Prejudiciële vragen:
1) [M]oeten artikel 2, artikel 6, leden 1 en 3, en artikel 19, lid 1, tweede alinea, van het Verdrag betreffende de Europese Unie (VEU), gelezen in samenhang met artikel 47 van het Handvest van de grondrechten van de Europese Unie en artikel 267 van het Verdrag betreffende de werking van de Europese Unie (VWEU), aldus worden uitgelegd dat niet kan worden beschouwd als een onafhankelijke, onpartijdige rechterlijke instantie die vooraf bij wet is ingesteld en die de justitiabelen daadwerkelijke rechtsbescherming op de onder het recht van de Unie vallende gebieden verzekert, een rechterlijke instantie van een lidstaat die in laatste aanleg uitspraak doet [Sąd Najwyższy (hoogste rechter in burgerlijke en strafzaken, Polen)], waarin personen zitting hebben die tot rechter zijn benoemd in strijd met de fundamentele rechtsregels van die lidstaat inzake de benoeming van rechters, welke schending inhoudt:
a) dat de vacante betrekkingen van rechter bij de Sąd Najwyższy door de president van de Republiek Polen zijn gepubliceerd, zonder voorafgaande medeondertekening van de voorzitter van de ministerraad,
b) dat er, in strijd met de beginselen van transparantie en billijkheid, een voorbenoemingsprocedure is georganiseerd door een nationaal orgaan, de Krajowa Rada Sądownictwa (nationale raad voor de rechtspraak, Polen), dat door de omstandigheden van zijn oprichting voor wat betreft het uit rechters bestaande deel en de wijze waarop het functioneert, niet voldoet aan de eisen van een grondwettelijk orgaan dat de onafhankelijkheid van de rechterlijke macht en van de rechters beschermt,
c) dat door de president van de Republiek Polen benoemingsbesluiten worden overhandigd voor benoemingen tot het ambt van rechter in de Sąd Najwyższy, ondanks het feit dat het besluit van de nationale raad voor de rechtspraak, dat het voorstel voor de benoeming tot rechter bevat, eerder bij de bevoegde nationale rechter [de Naczelny Sąd Administracyjny (hoogste bestuursrechter, Polen)], is aangevochten, dat de Naczelny Sąd Administracyjny de tenuitvoerlegging van dit besluit overeenkomstig het nationale recht heeft geschorst en dat de beroepsprocedure niet is afgerond, waarna de Naczelny Sąd Administracyjny het bestreden besluit van de nationale raad voor de rechtspraak wegens onrechtmatigheid nietig heeft verklaard en dit besluit definitief uit de rechtsorde heeft verwijderd, waardoor het benoemingsbesluit tot het ambt van rechter in de Sąd Najwyższy de in artikel 179 van de Poolse grondwet vereiste grondslag, met name de voordracht van de nationale raad voor de rechtspraak voor de benoeming tot het ambt van rechter, heeft verloren?

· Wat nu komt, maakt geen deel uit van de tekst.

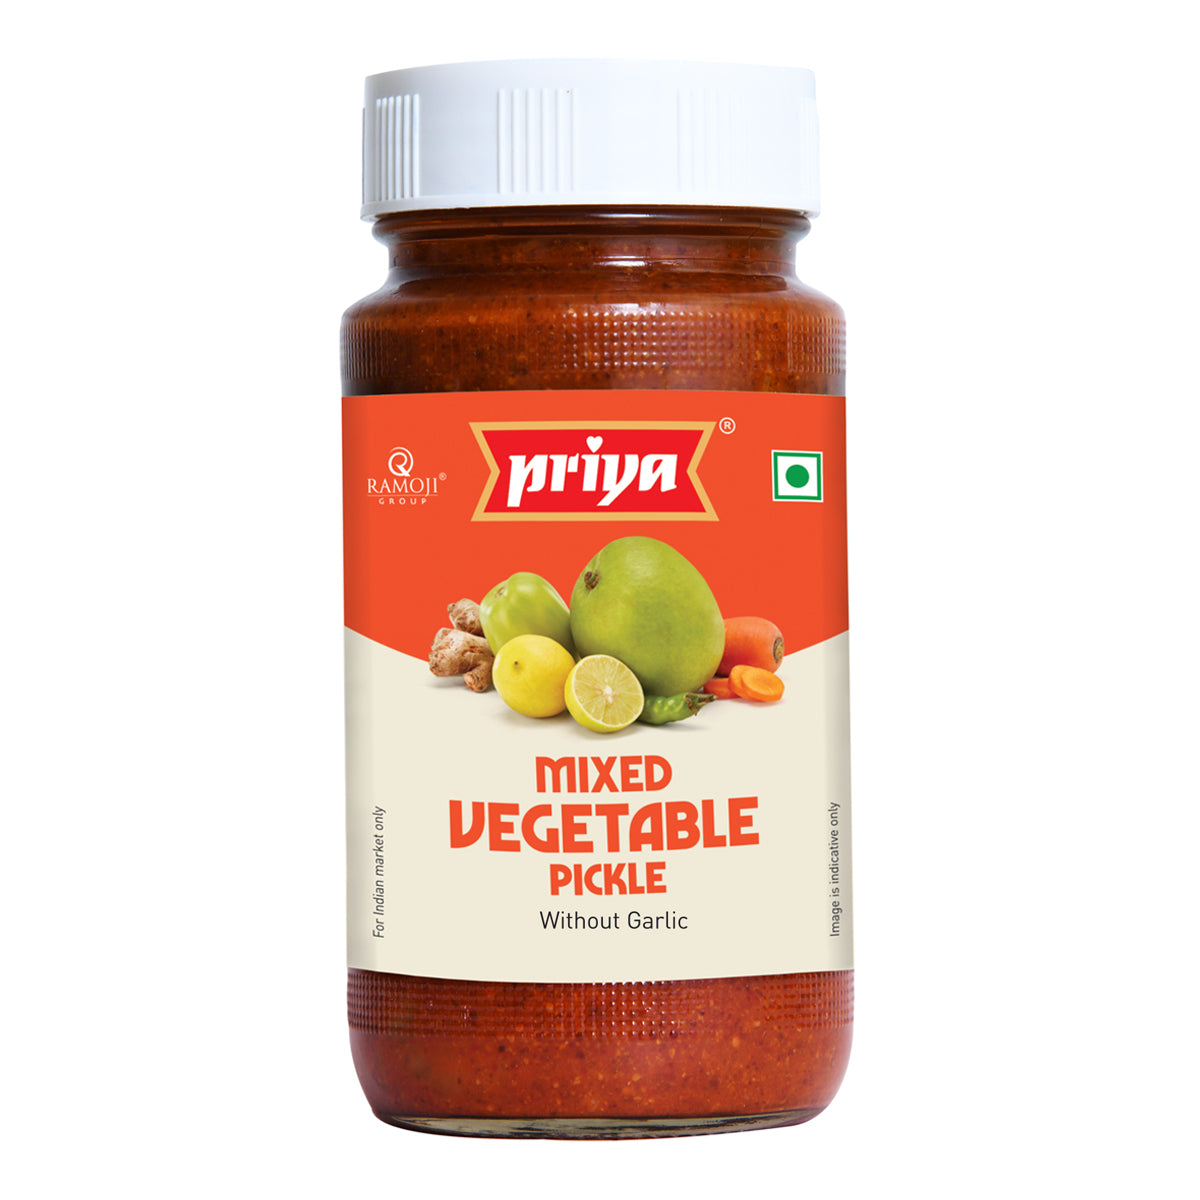 Buy priya Mixed Vegetable Pickle without garlic

2) [M]oeten artikel 2, artikel 6, leden 1 en 3, en artikel 19, lid 1, tweede alinea, VEU, gelezen in samenhang met artikel 47 van het Handvest en artikel 267 VWEU, aldus worden uitgelegd dat zij in de weg staan aan de toepassing van een nationale regeling als die van artikel 29, leden 2 en 3, artikel 26, lid 3, en artikel 72, leden 1, 2 en 3, van de ustawa o Sądzie Najwyższym (wet op de Sąd Najwyższy) van 8 december 2017 (geconsolideerde tekst: Dz. U. van 2021, volgnr. 154), voor zover deze op straffe van een tuchtrechtelijke sanctie in de vorm van ontzetting uit het ambt, verbieden dat de rechtmatigheid van de benoeming van een rechter of zijn uit de benoeming voortvloeiende bevoegdheid tot het verrichten van rechterlijke taken wordt vastgesteld of onderzocht alsook dat verzoeken tot wraking van een rechter op die gronden inhoudelijk worden beoordeeld, ervan uitgaande dat dit verbod gerechtvaardigd wordt door het feit dat de Unie de grondwettelijke identiteit van de lidstaten eerbiedigt?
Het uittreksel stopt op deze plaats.